Кальтенбруннер участвовал в создании концлагерей?

Я не создавал никаких концентрационных лагерей в Австрии, где находился до 1943. Я не создал ни одного концентрационного лагеря в Рейхе с 1943 и далее. Каждый концентрационный лагерь в Рейхе, как сегодня известно и точно подтверждается, создавался по приказам Гиммлера Полю. Это также относится – и я хочу подчеркнуть это – к лагерю Маутхаузен. Австрийские власти были не только отстранены от создания Маутхаузена, но и неприятно им удивлены, потому что сама концепция концентрационных лагерей в таком виде была в Австрии неизвестна, и необходимости их создания там не было. (...)

Я уже ответил, что никогда не видел газовой камеры, ни в действии, ни в любое другое время. Я не знал о том, что они существовали в Маутхаузене, и свидетельства об этом ошибочны. Я никогда не бывал в лагере задержанных в Маутхаузене – то есть в самом концентрационном лагере. Я бывал в Маутхаузене, но в трудовом лагере, а не в лагере для задержанных.


Кальтенбруннер участвовал в Холокосте?

Сразу же после получения сведений о данном факте я боролся, как и прежде, не только против окончательного решения, но и против такого способа обращения с еврейской проблемой вообще. Хотел бы объяснить, как через свою разведывательную службу ознакомился с еврейской проблемой в целом и что предпринимал против этого. (...)

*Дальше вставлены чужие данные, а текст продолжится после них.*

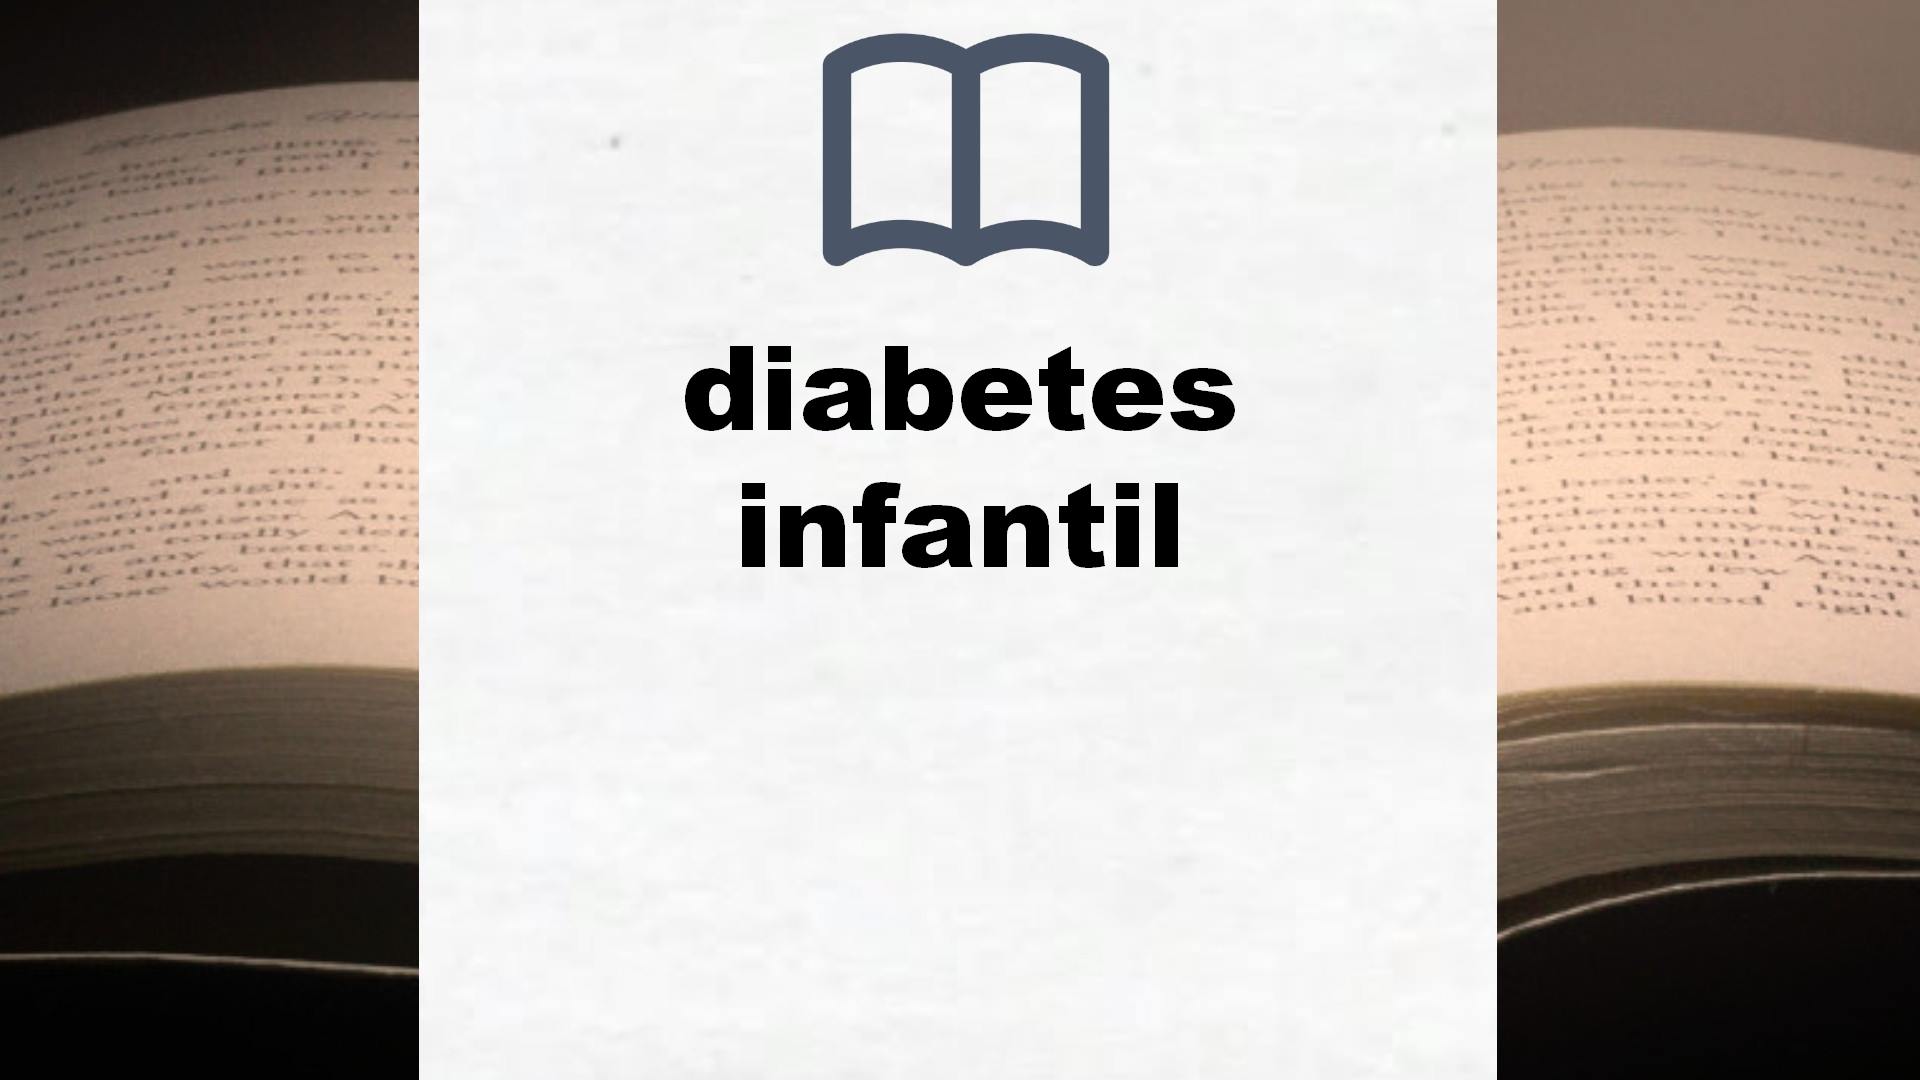 Libros sobre diabetes infantil

Сначала я выразил протест Гитлеру и на следующий день Гиммлеру. Я не только обратил их внимание на мое личное отношение и совершенно иную концепцию, которую принес из Австрии, согласно своим гуманитарным принципам, но и с первого дня и до самого конца завершал практически каждый доклад об обстановке словами, что ни одна враждебная держава не будет вести переговоры с рейхом, виновным в подобном. Эти доклады я представлял Гиммлеру и Гитлеру, в особенности указывая на то, что разведывательному сектору нужно создать атмосферу для переговоров с противником. (...)

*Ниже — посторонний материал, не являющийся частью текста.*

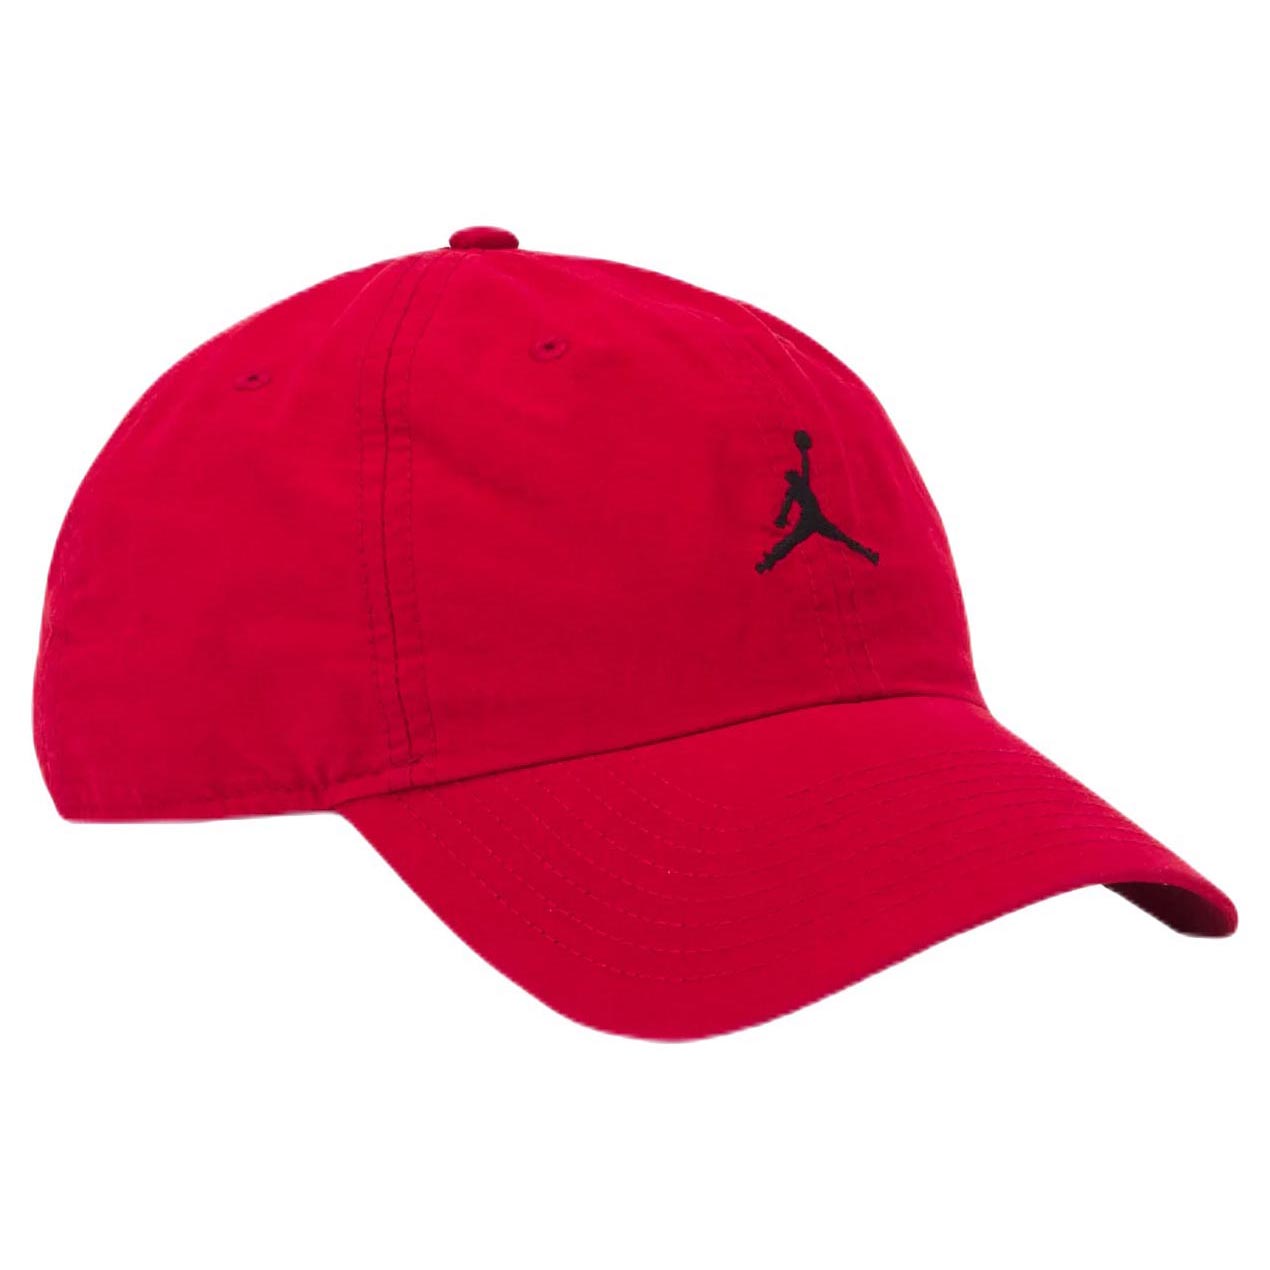 Кепка Nike Air Jordan Jumpman Heritage86, красный кепка nike air jordan jumpman heritage86 красный

Я твердо убежден, что [преследование евреев прекратилось в октябре 1944 года] в основном из–за моего вмешательства, хотя ряд других лиц также работал в этом направлении. Но не думаю, что есть кто-то еще, кто так прожужжал все уши Гиммлеру при каждой встрече, или кто–то, говоривший настолько открыто, откровенно и с таким самопожертвованием с Гитлером, как я. (...)

[Адвокат Кальтенбруннера Курт] Кауфман: Вы хотите признать ответственность в связи с этим или отрицаете ее?

Кальтенбруннер: Я должен категорически, полностью ее отрицать (...)


Кальтенбруннер мог уйти с должности начальника РСХА?

Кауфман: Теперь перехожу к последнему вопросу, я спрашиваю вас, существовала ли возможность для вас, постепенно ознакомившись с условиями в Гестапо и концентрационных лагерях, и т. д., добиться изменений? Если такая возможность существовала, вы можете сказать, что, оставаясь на своей должности, добились какого-либо облегчения в этой сфере и улучшения условий?

Кальтенбруннер: Я непрерывно просил отправить меня на фронт, но самым горящим вопросом, требовавшим моего личного решения, был: улучшатся ли таким образом условия, облегчатся? Изменится что-нибудь? Или мой личный долг в этой должности – делать все необходимое для изменения всех этих остро критиковавшихся условий?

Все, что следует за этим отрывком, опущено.